§ **RAW DATA**

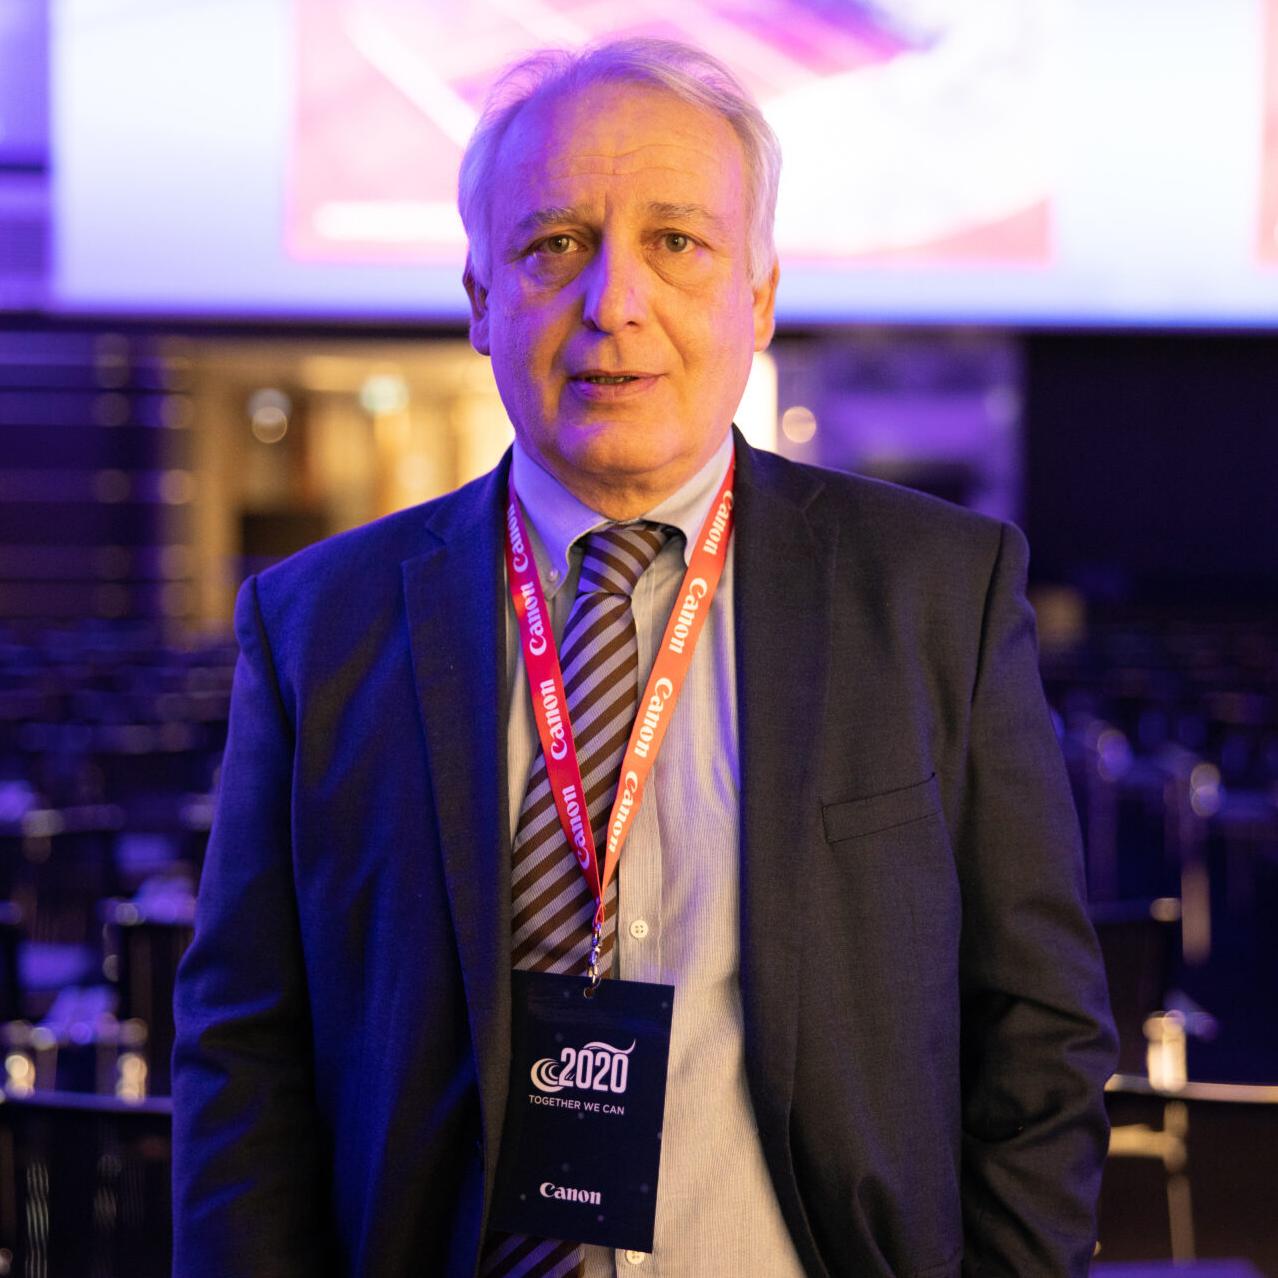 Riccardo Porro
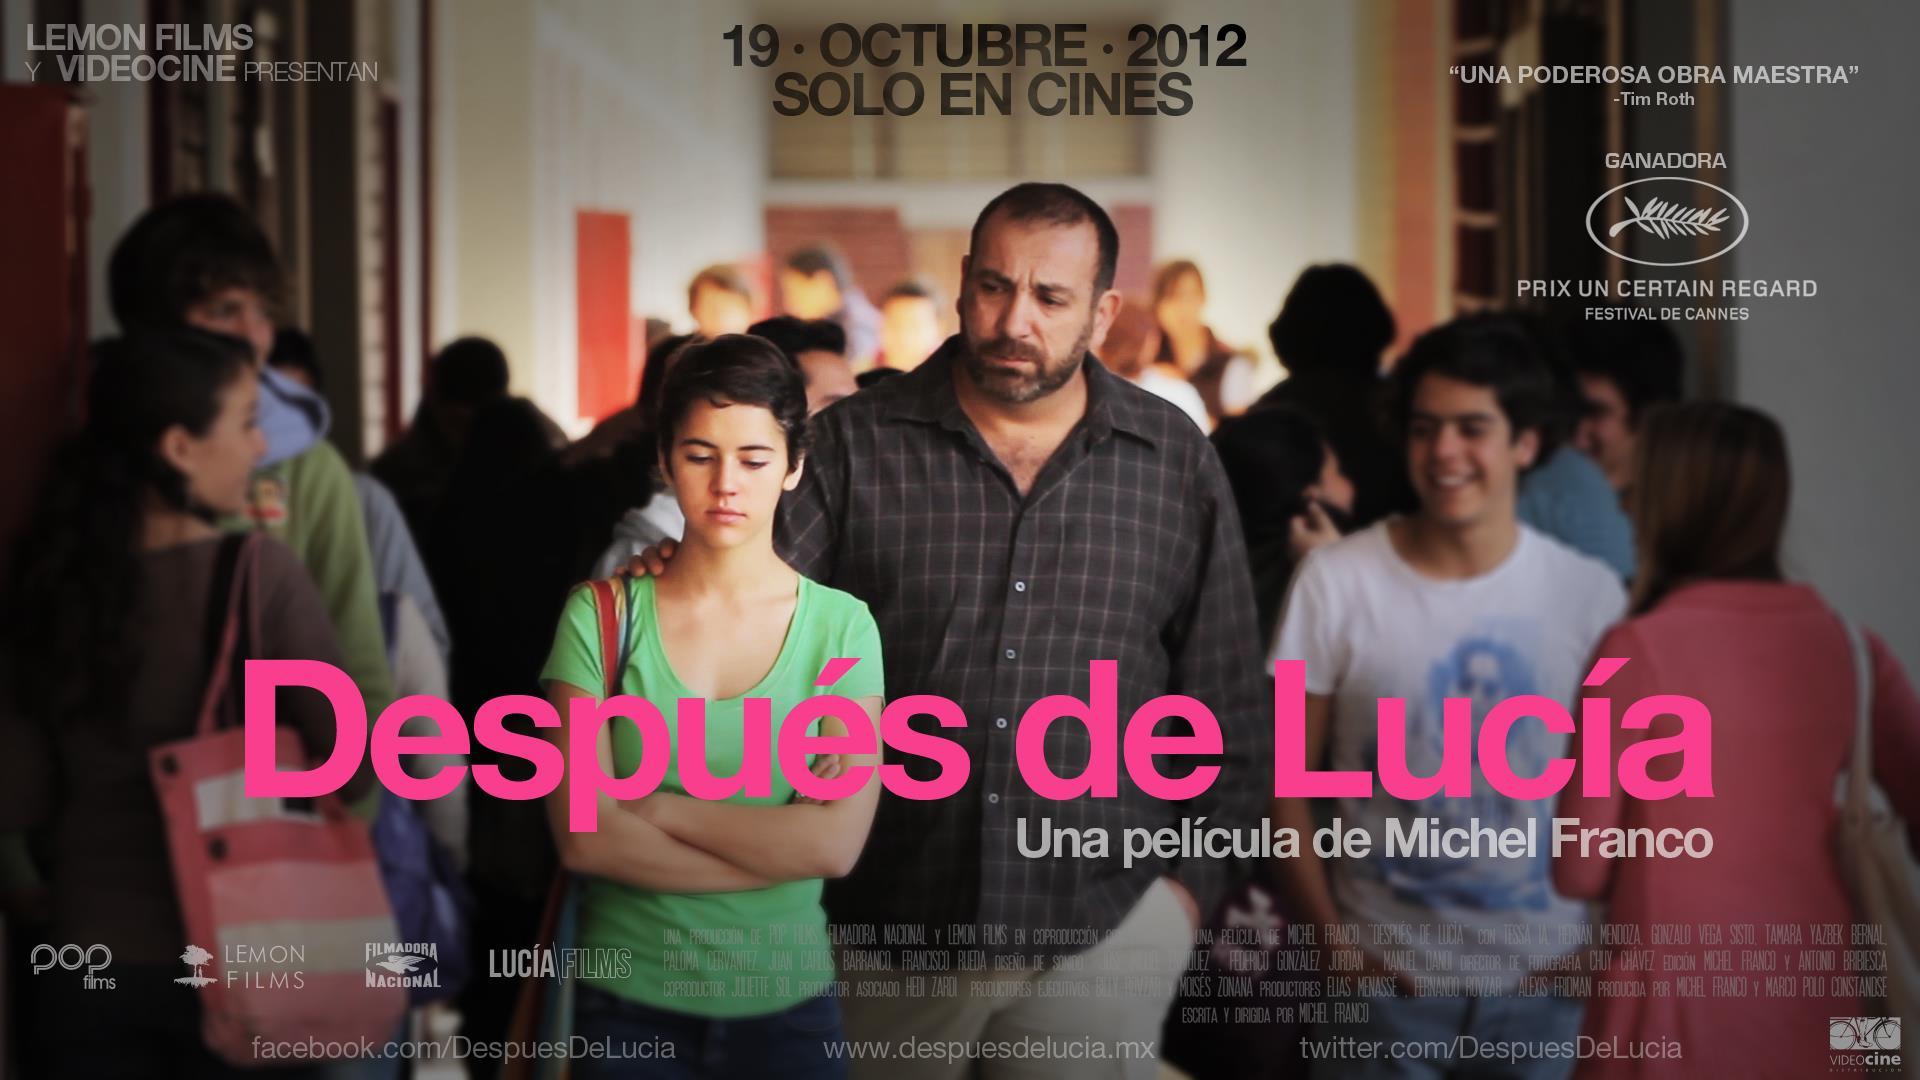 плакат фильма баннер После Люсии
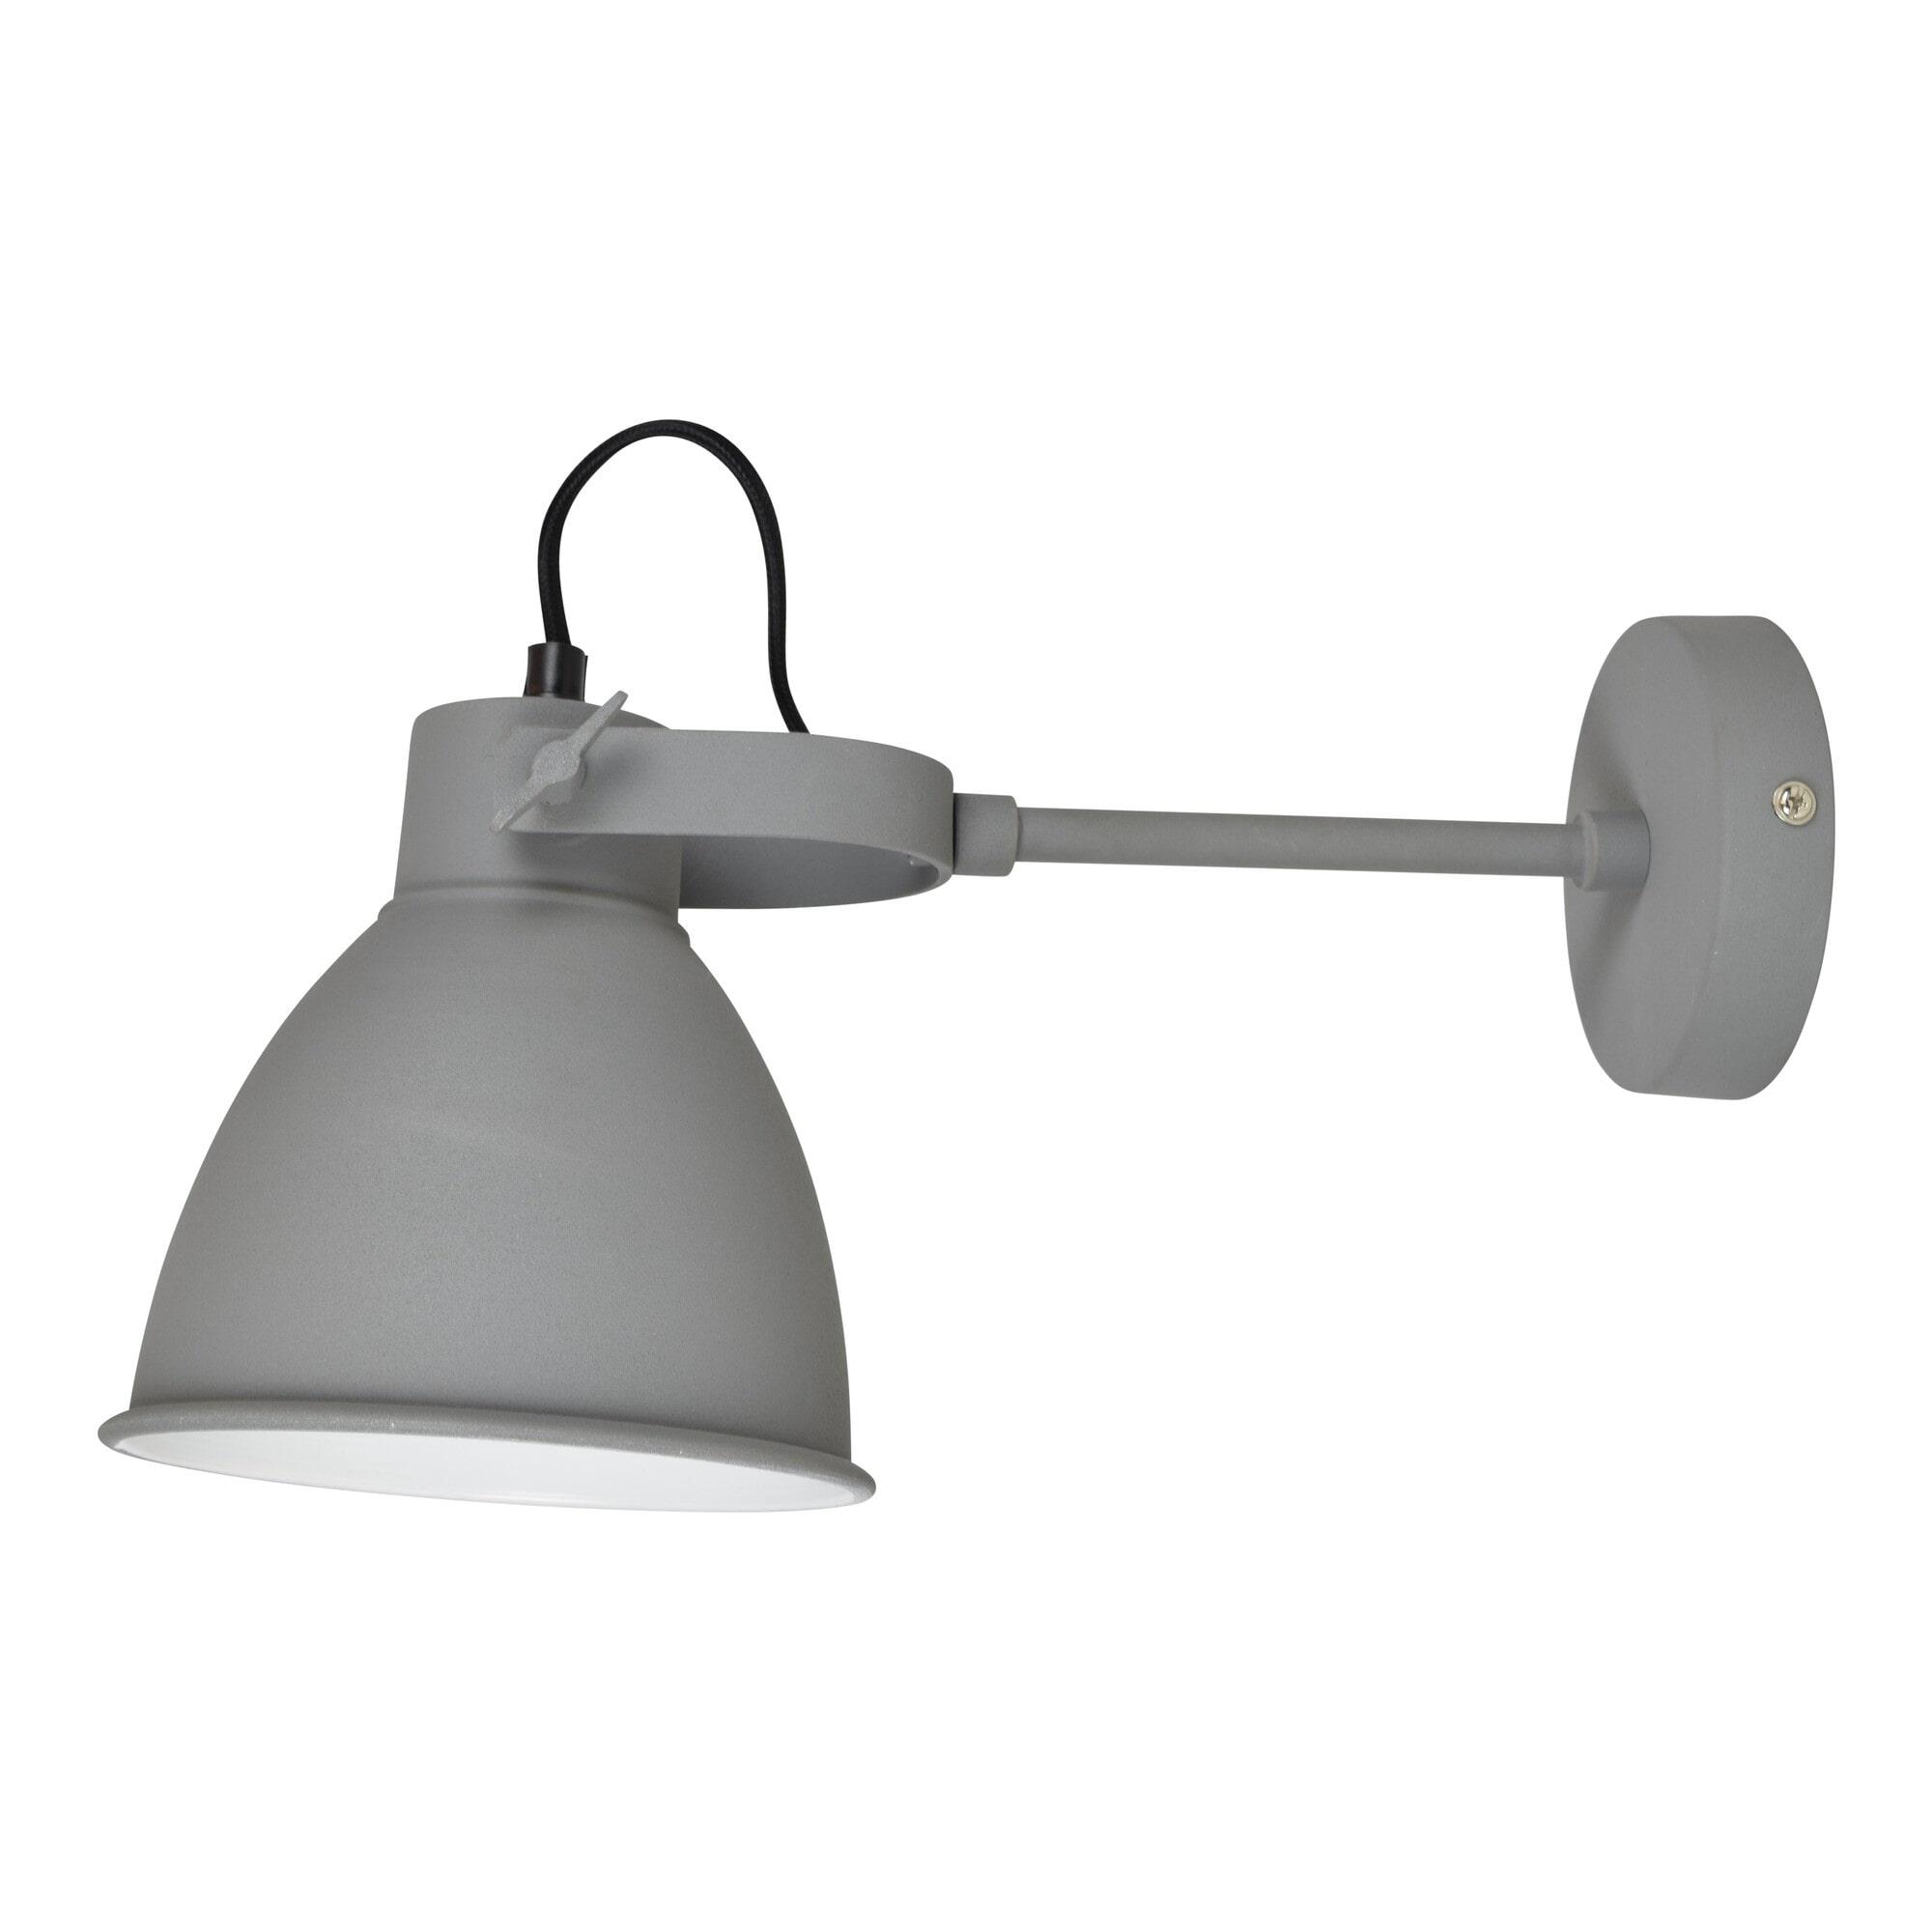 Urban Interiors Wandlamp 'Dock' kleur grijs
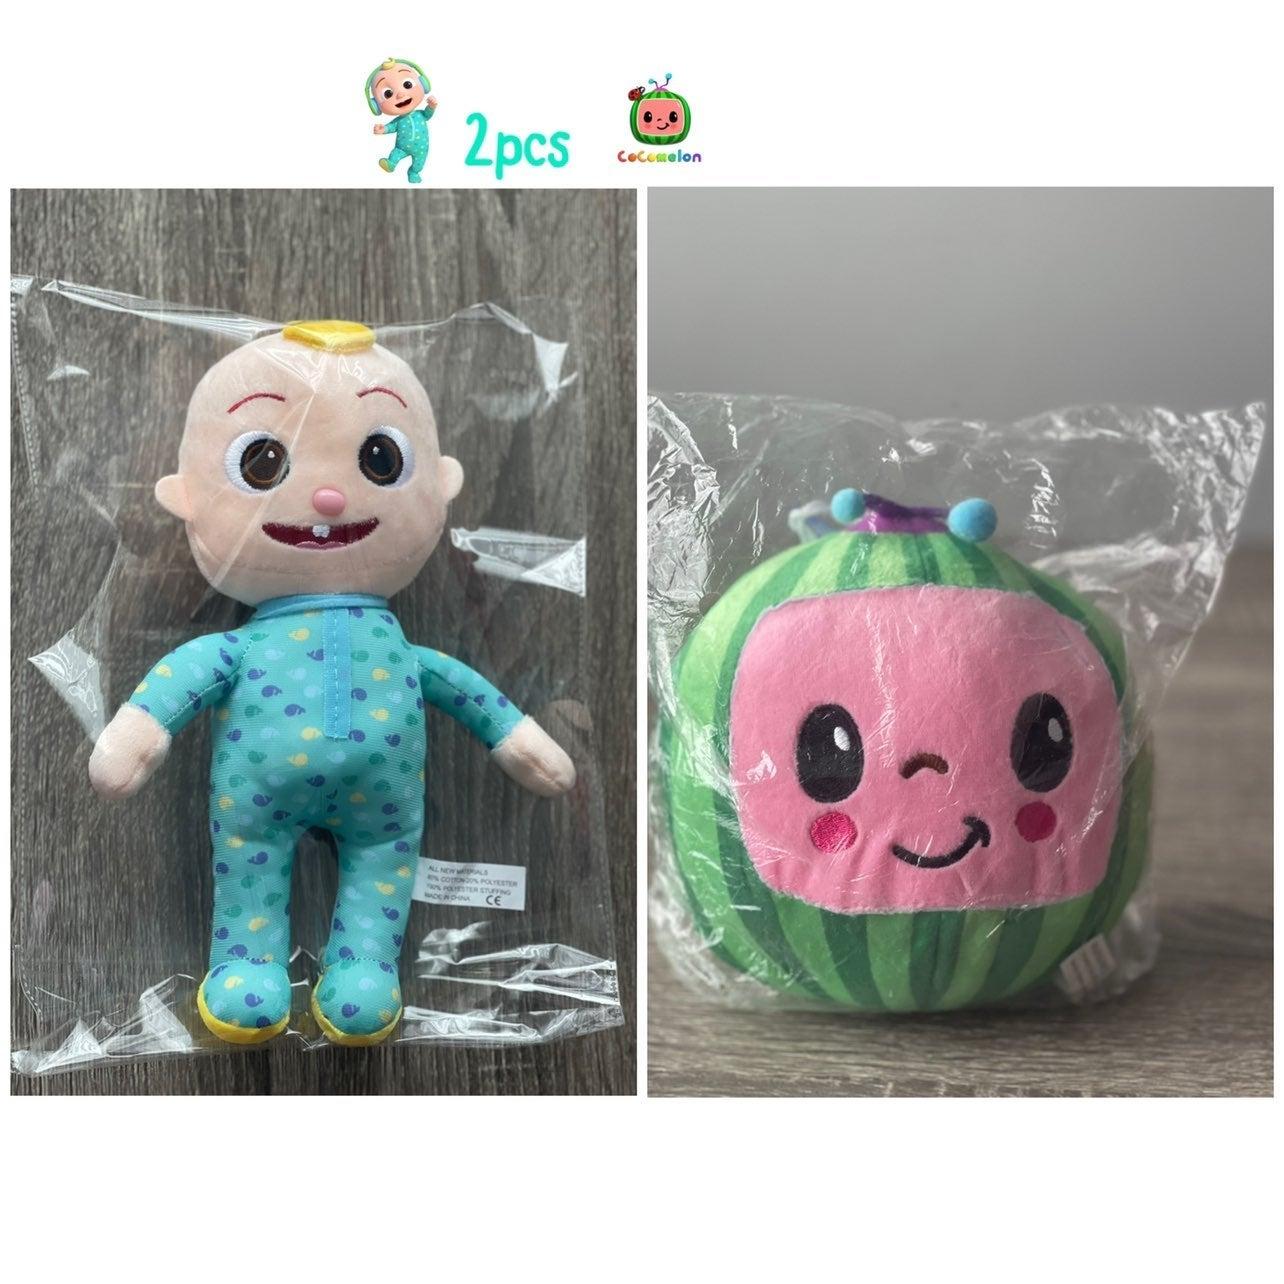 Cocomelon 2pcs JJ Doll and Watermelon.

§ **WORK TO BE COMPLETED**
Once the line containing "плакат фильма баннер После Люсии" is found, transcribe it and the rest of the lines to the end of the listing above exactly, omitting all pictures.

§ **RESPONSE TO THE EXERCISE**
 плакат фильма баннер После Люсии
 Urban Interiors Wandlamp 'Dock' kleur grijs
 Cocomelon 2pcs JJ Doll and Watermelon.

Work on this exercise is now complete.